PROBLEM DETAILS
Find "Retrato de niña" in the material below, then write out that line and every line after it exactly, ending with the last one; skip the pictures.

DATASET EXTRACT
◇ ◇ ◇ ◇

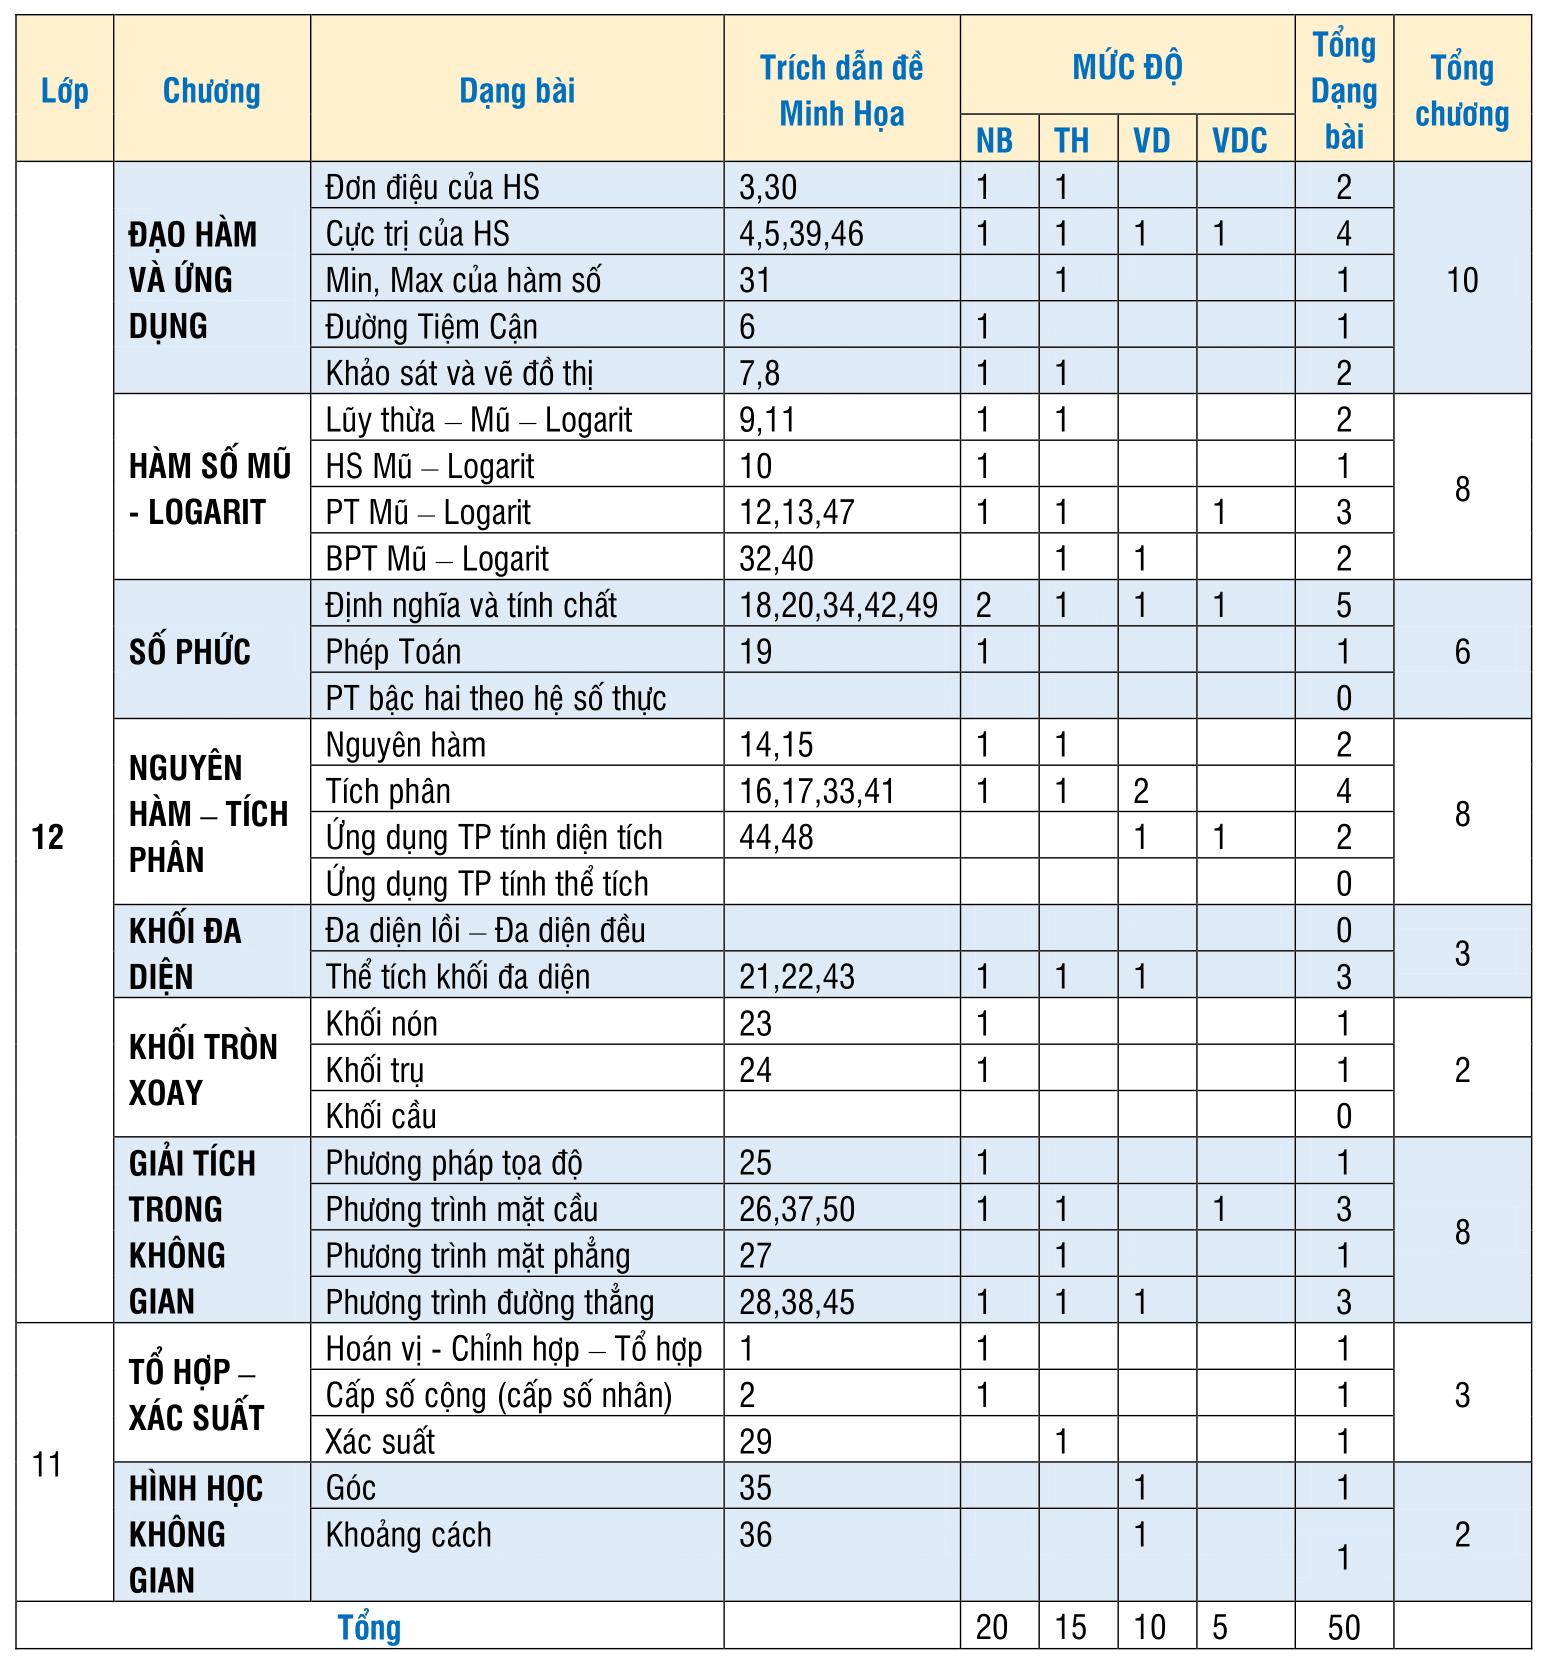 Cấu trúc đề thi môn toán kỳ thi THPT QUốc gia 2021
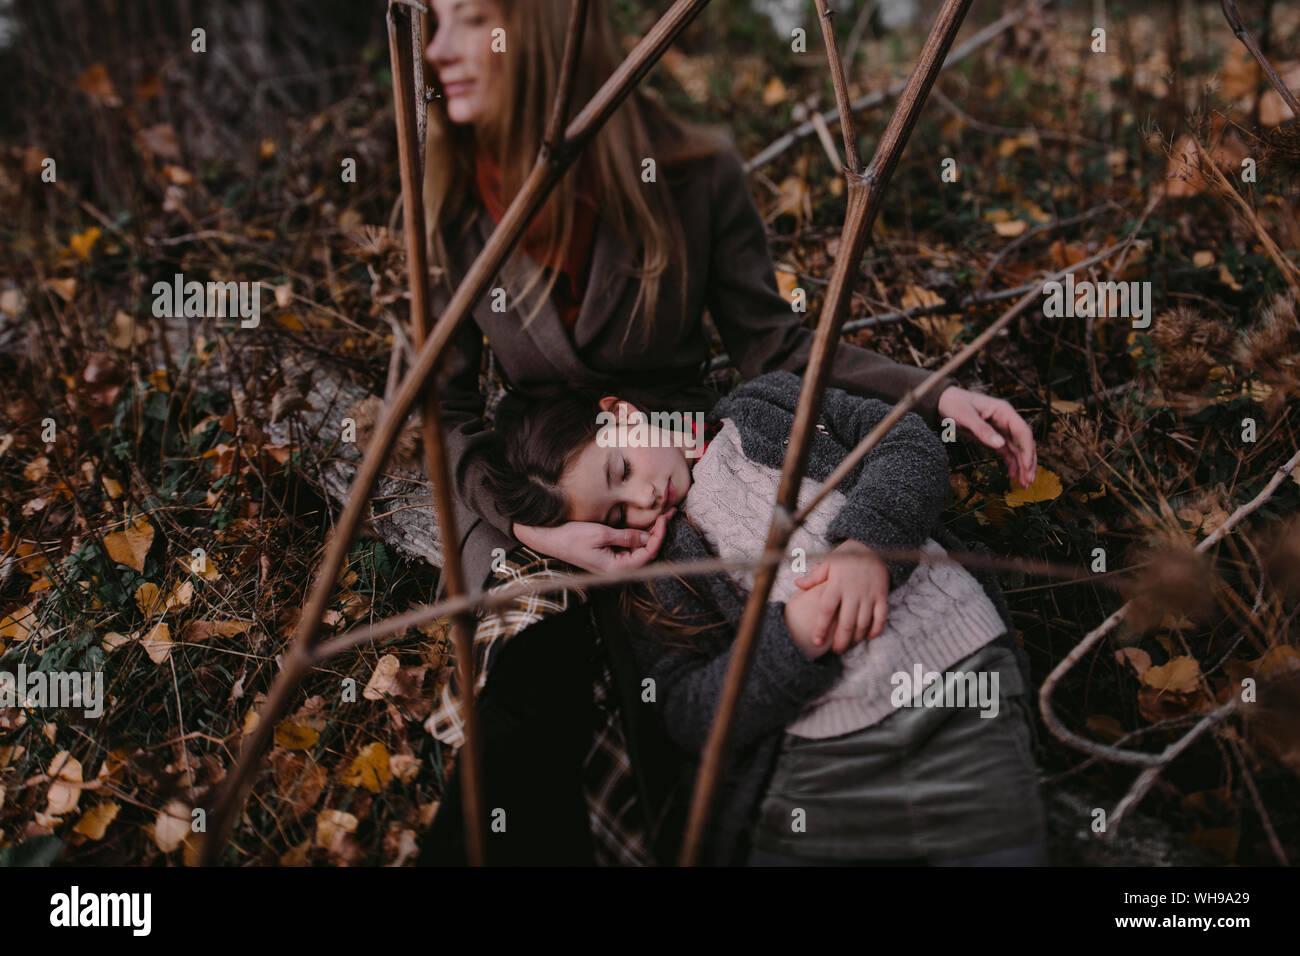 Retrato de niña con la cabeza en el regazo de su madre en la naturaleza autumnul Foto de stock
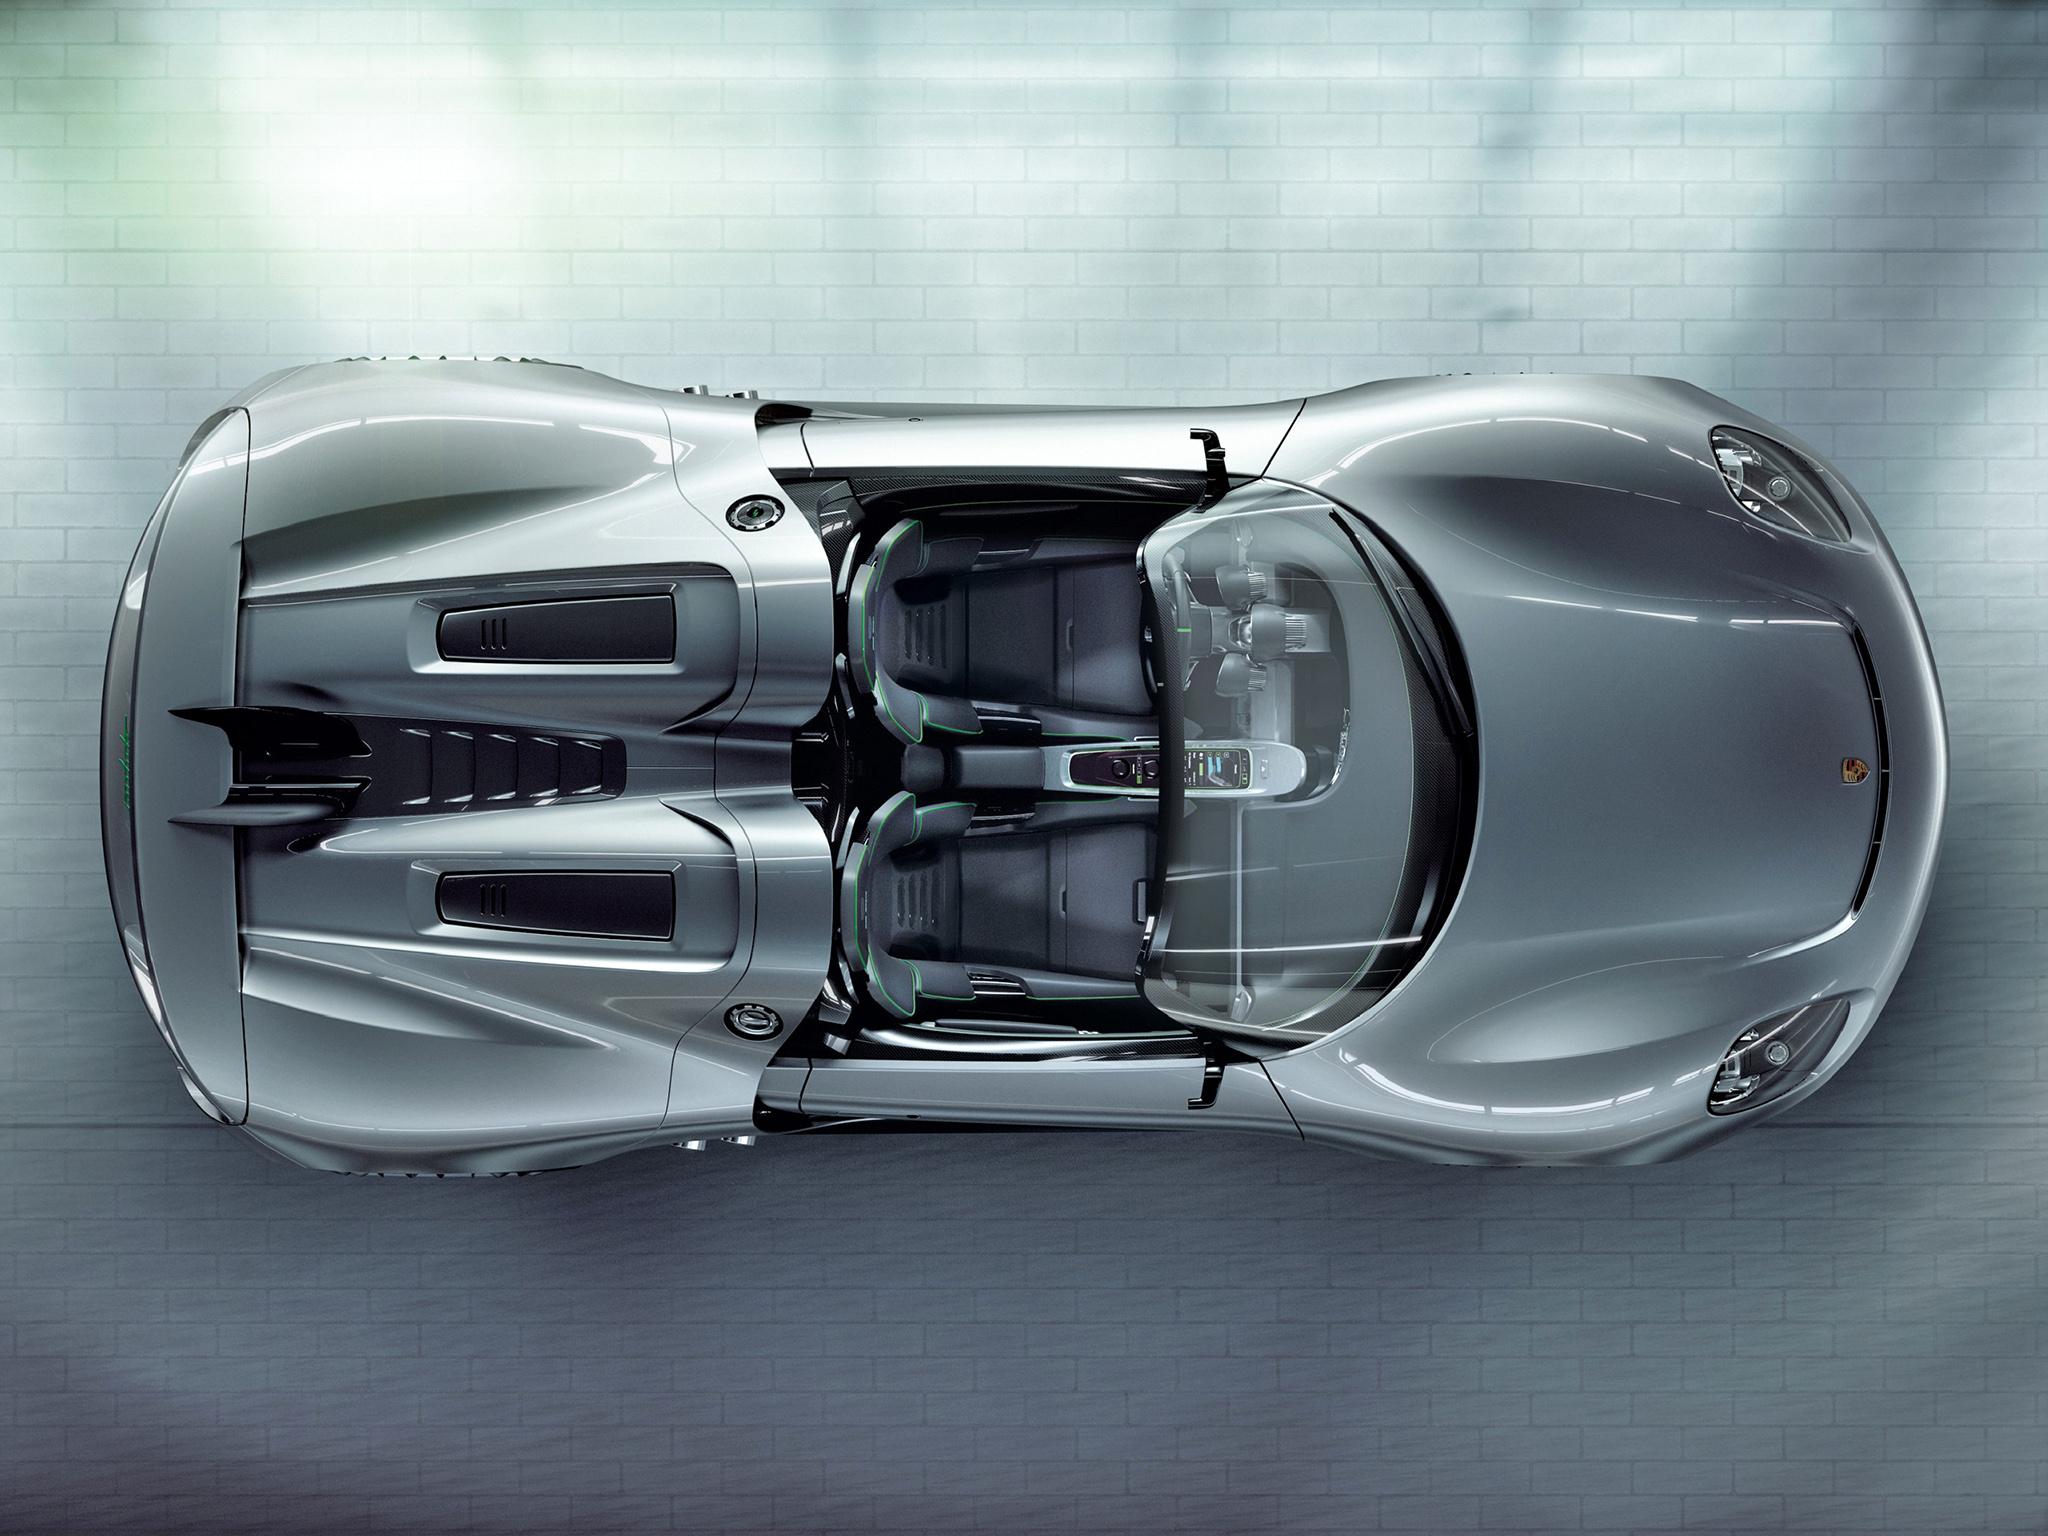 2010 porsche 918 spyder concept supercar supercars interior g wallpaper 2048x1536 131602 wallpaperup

◇ ◇ ◇ ◇

ANSWER BELOW
 Retrato de niña con la cabeza en el regazo de su madre en la naturaleza autumnul Foto de stock
 2010 porsche 918 spyder concept supercar supercars interior g wallpaper 2048x1536 131602 wallpaperup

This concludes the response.